Start of Block

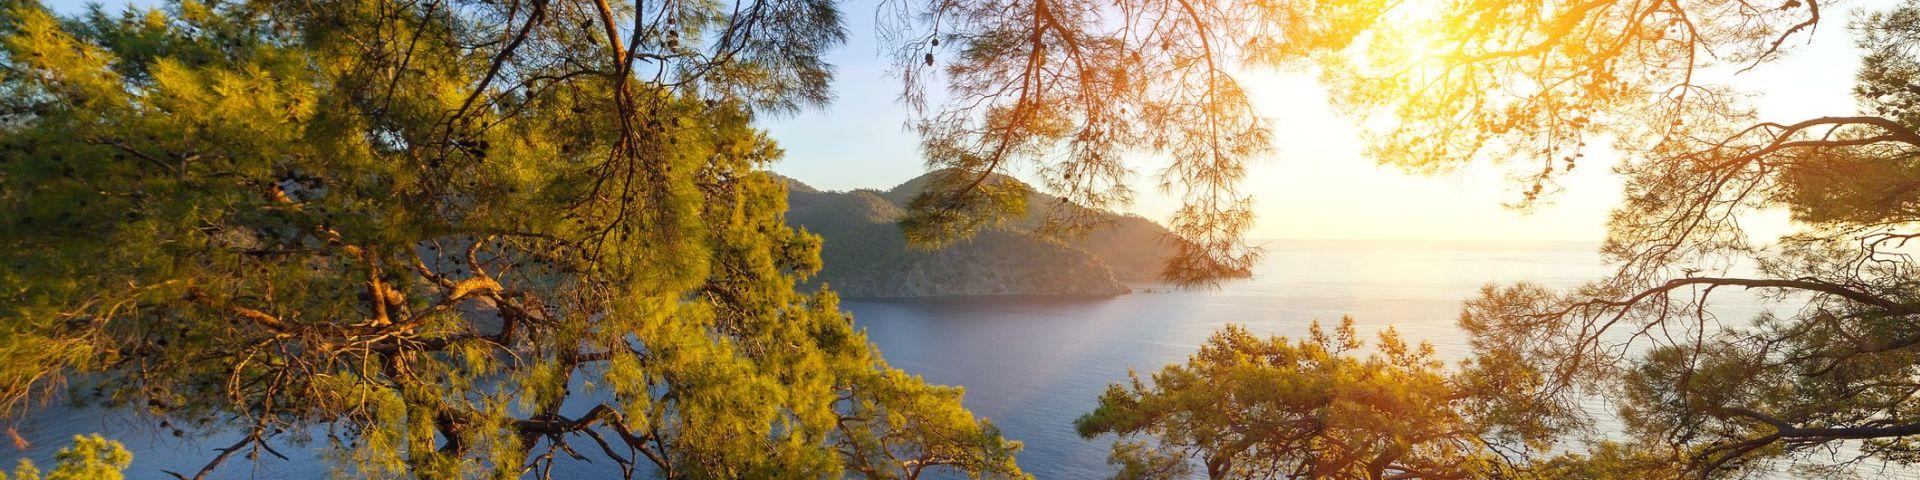 Last Minute to the Turkish Riviera
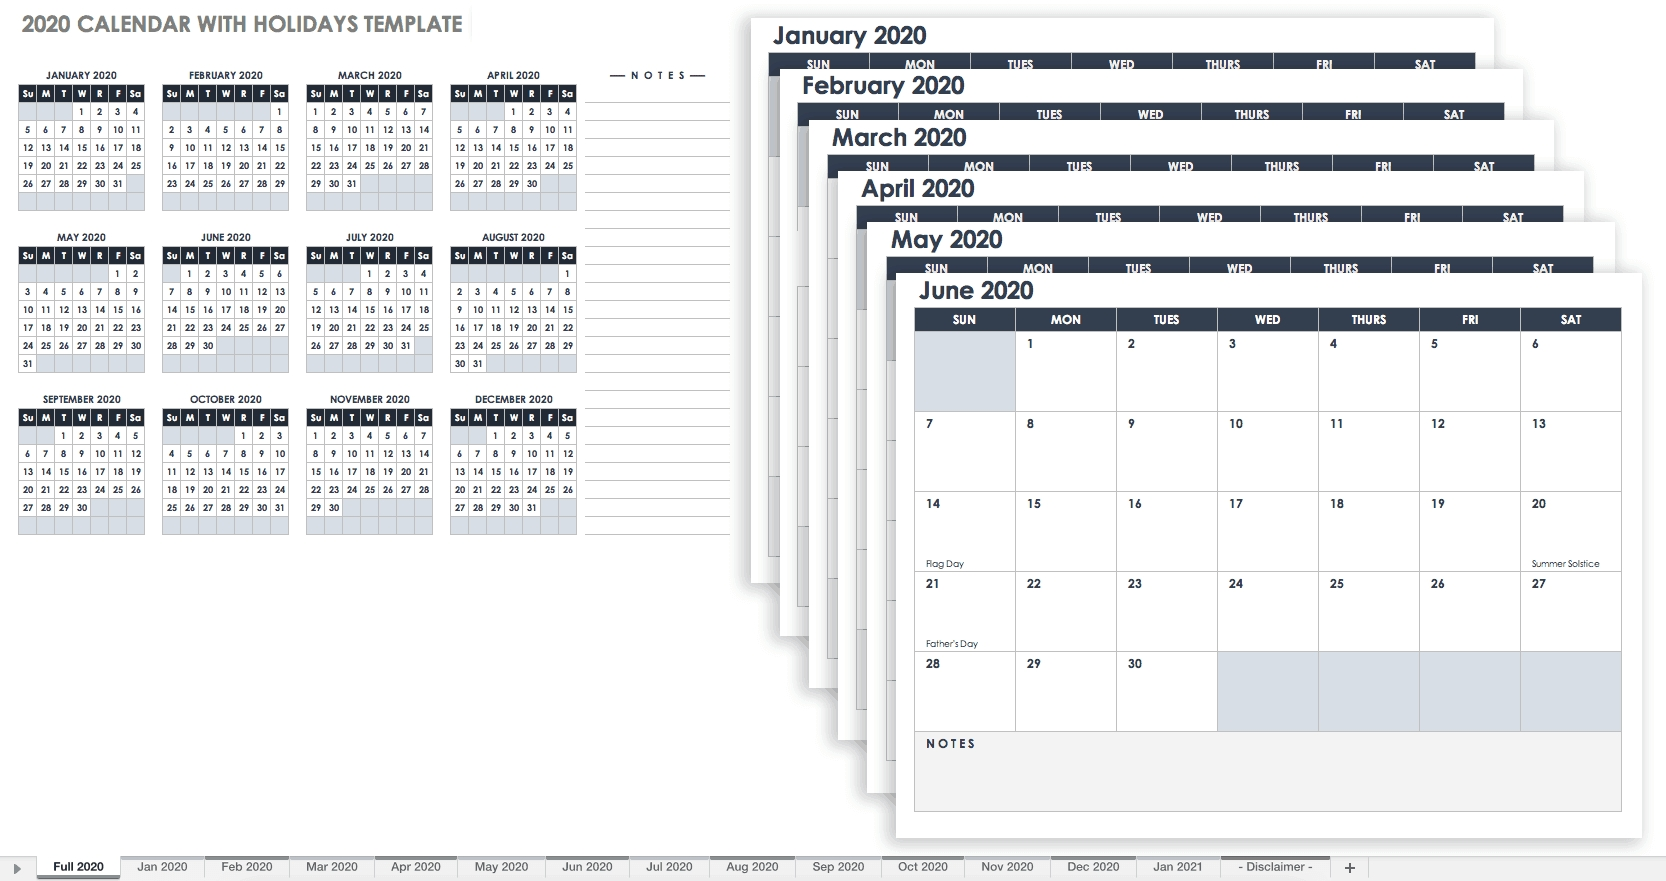 Free Google Calendar Templates | Smartsheet-Google Sheets Monthly Calendar Template
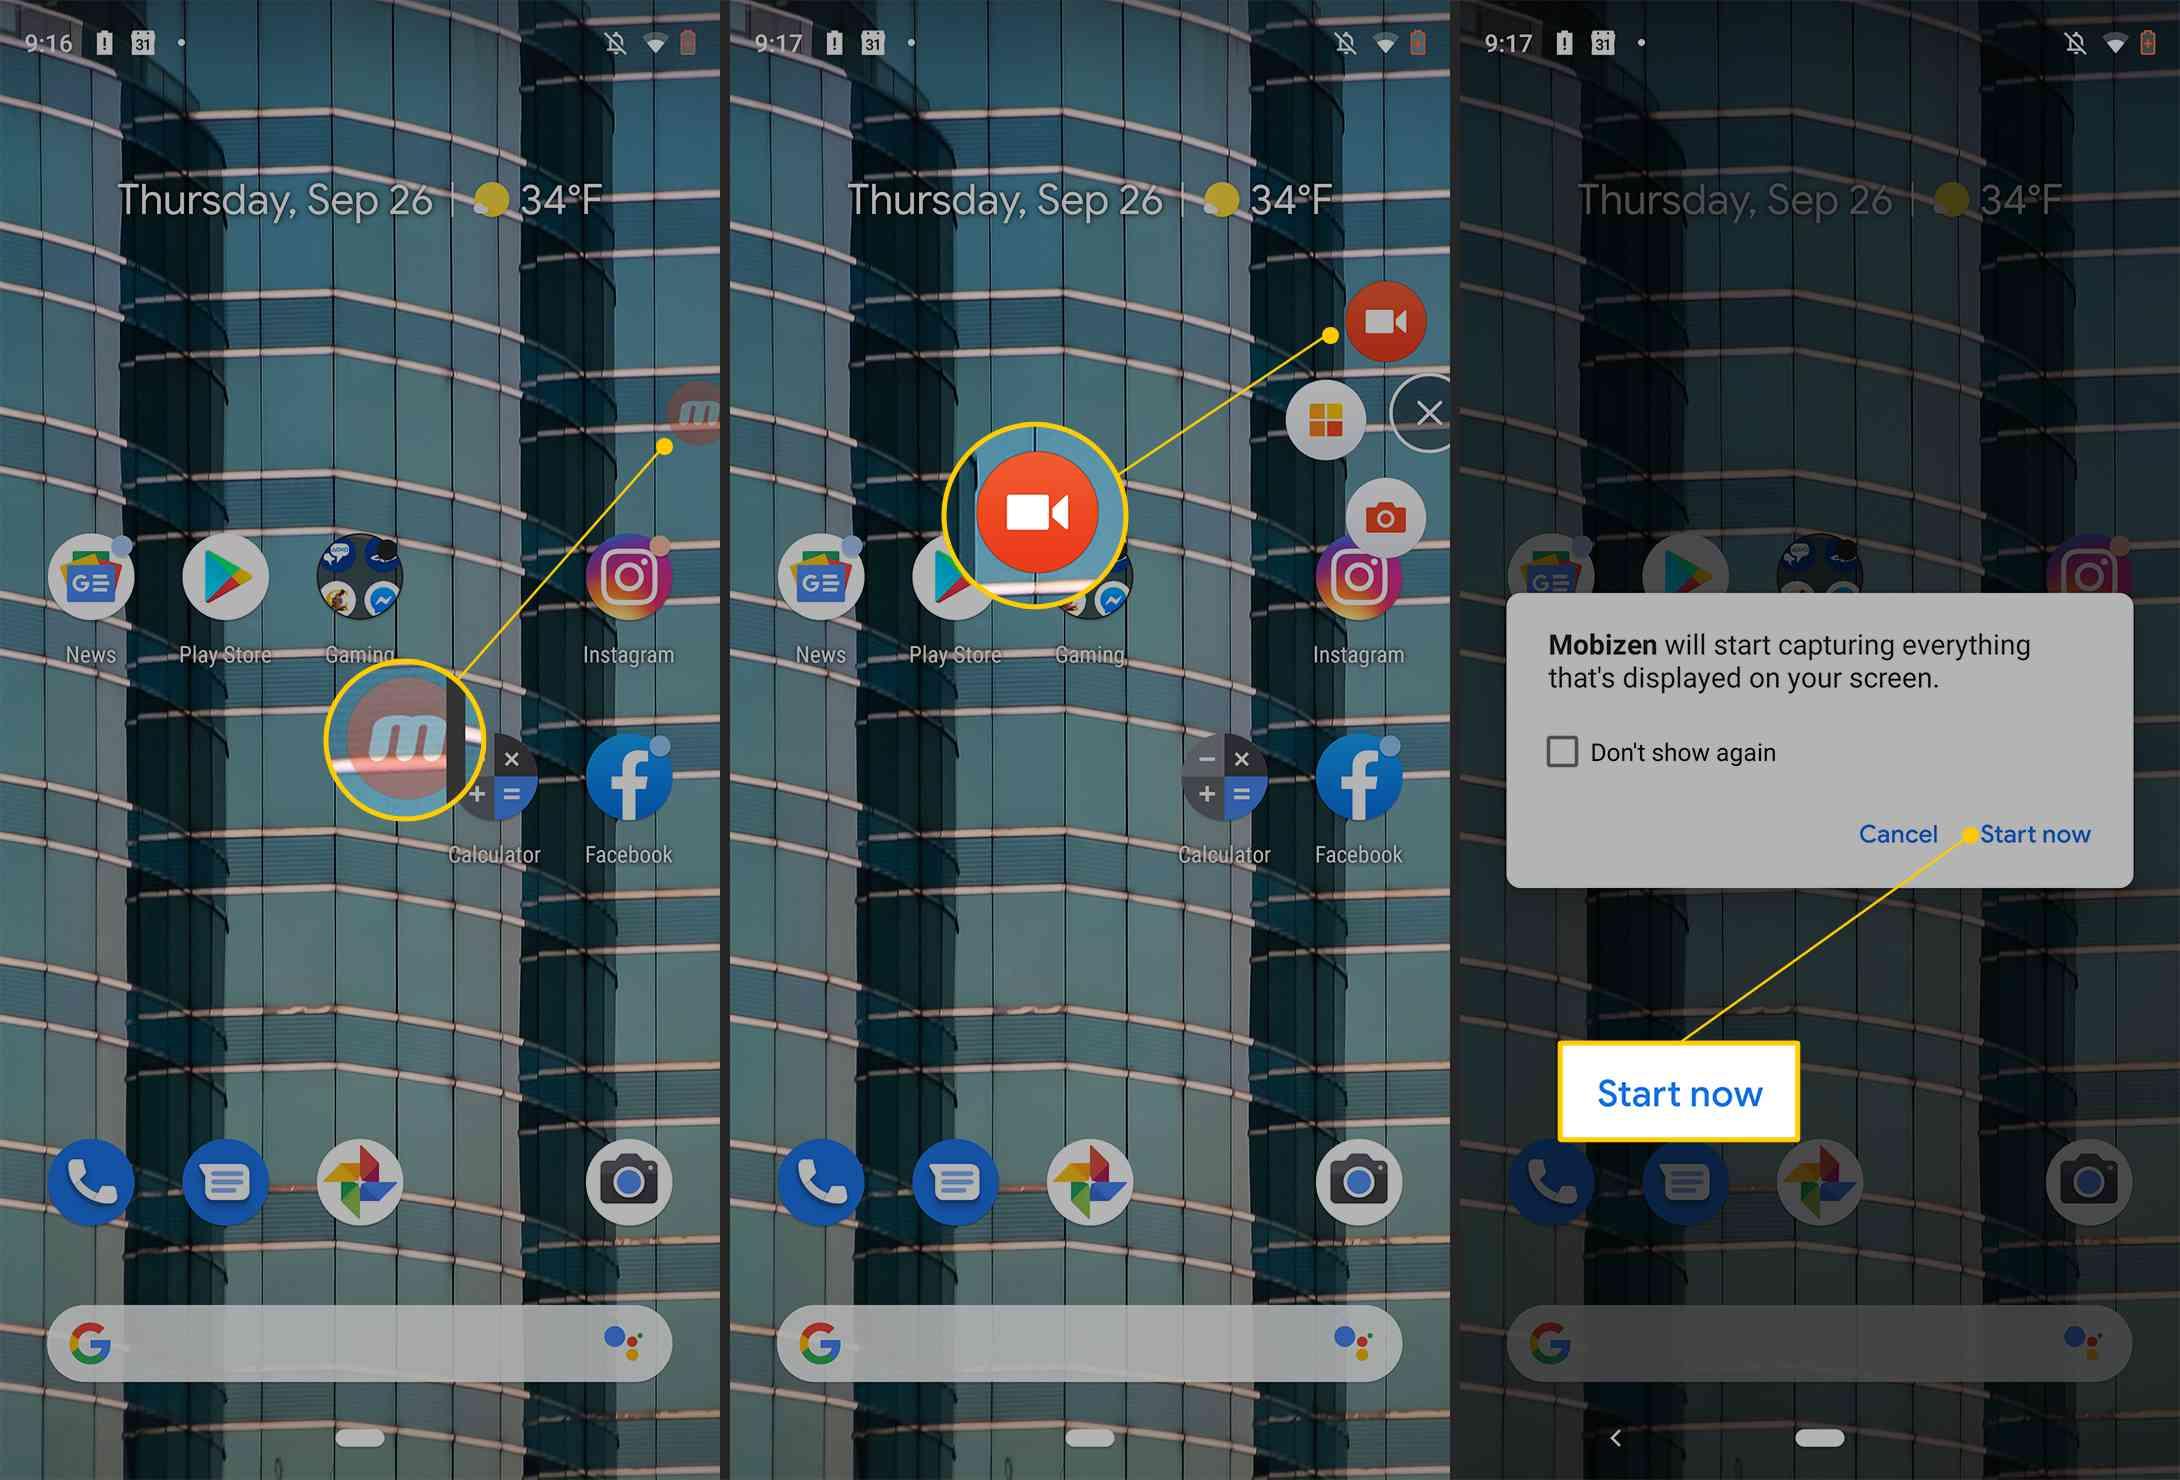 Mobizen icon, record screen video button, Start now button
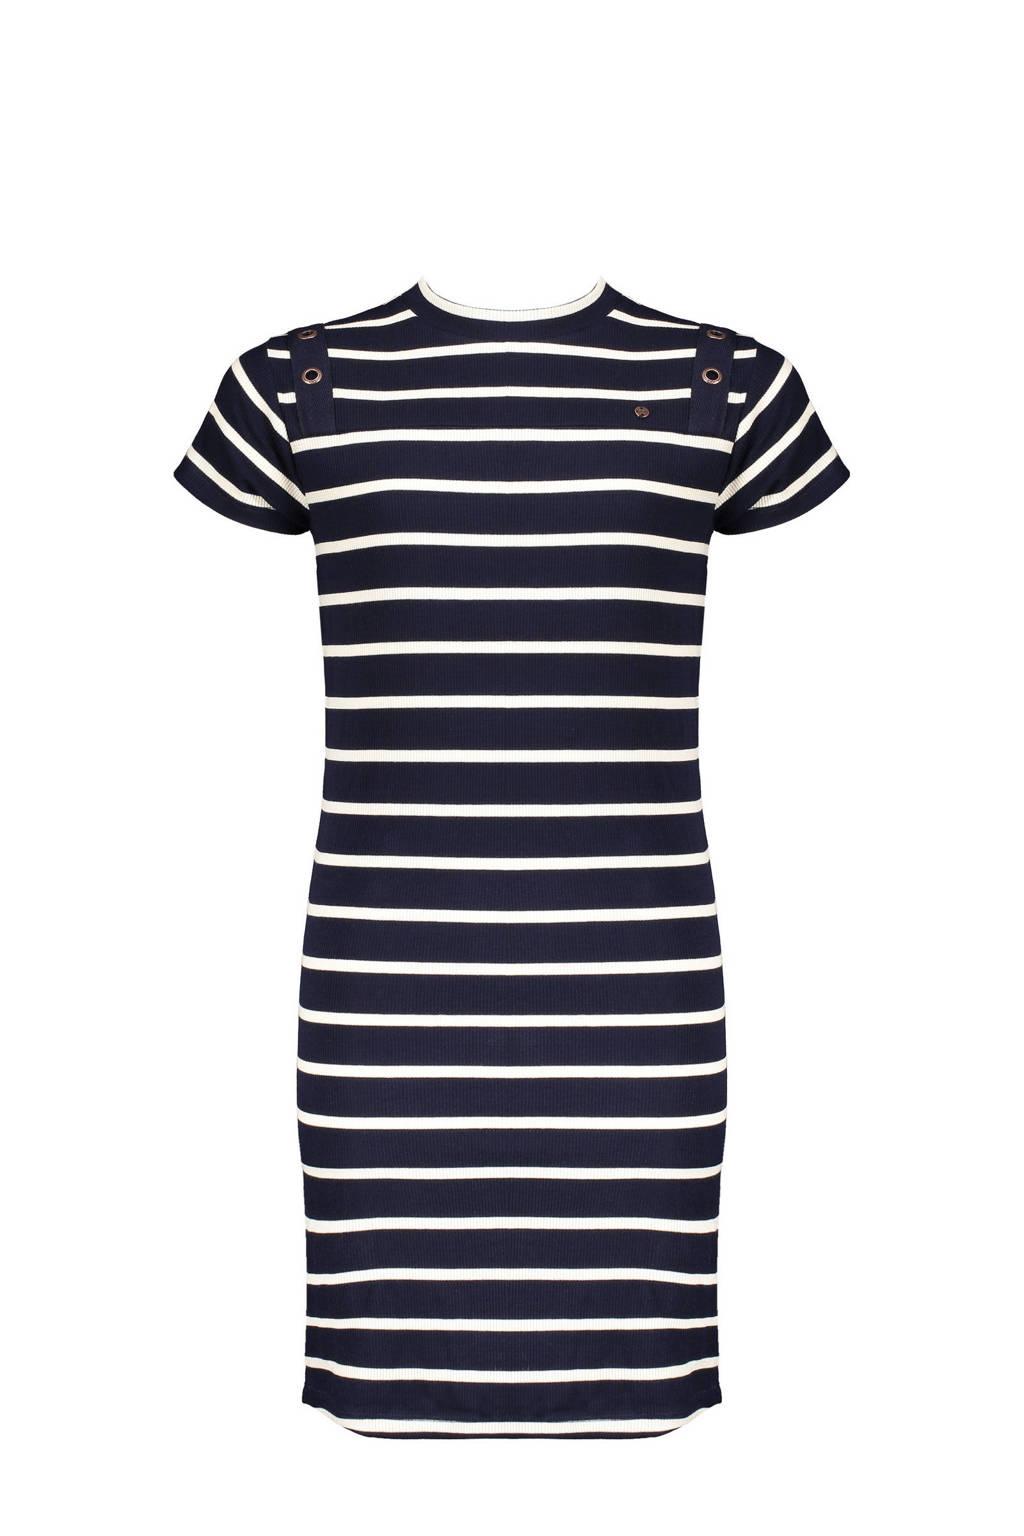 NoBell' gestreepte jurk Mizzyb donkerblauw/wit, Donkerblauw/wit

End of Block

→ **What you should do**: Copy all of the data above exactly. Leave out every picture.

→ **Answer box**:
 Last Minute to the Turkish Riviera
 Free Google Calendar Templates | Smartsheet-Google Sheets Monthly Calendar Template
 Mobizen icon, record screen video button, Start now button
 NoBell' gestreepte jurk Mizzyb donkerblauw/wit, Donkerblauw/wit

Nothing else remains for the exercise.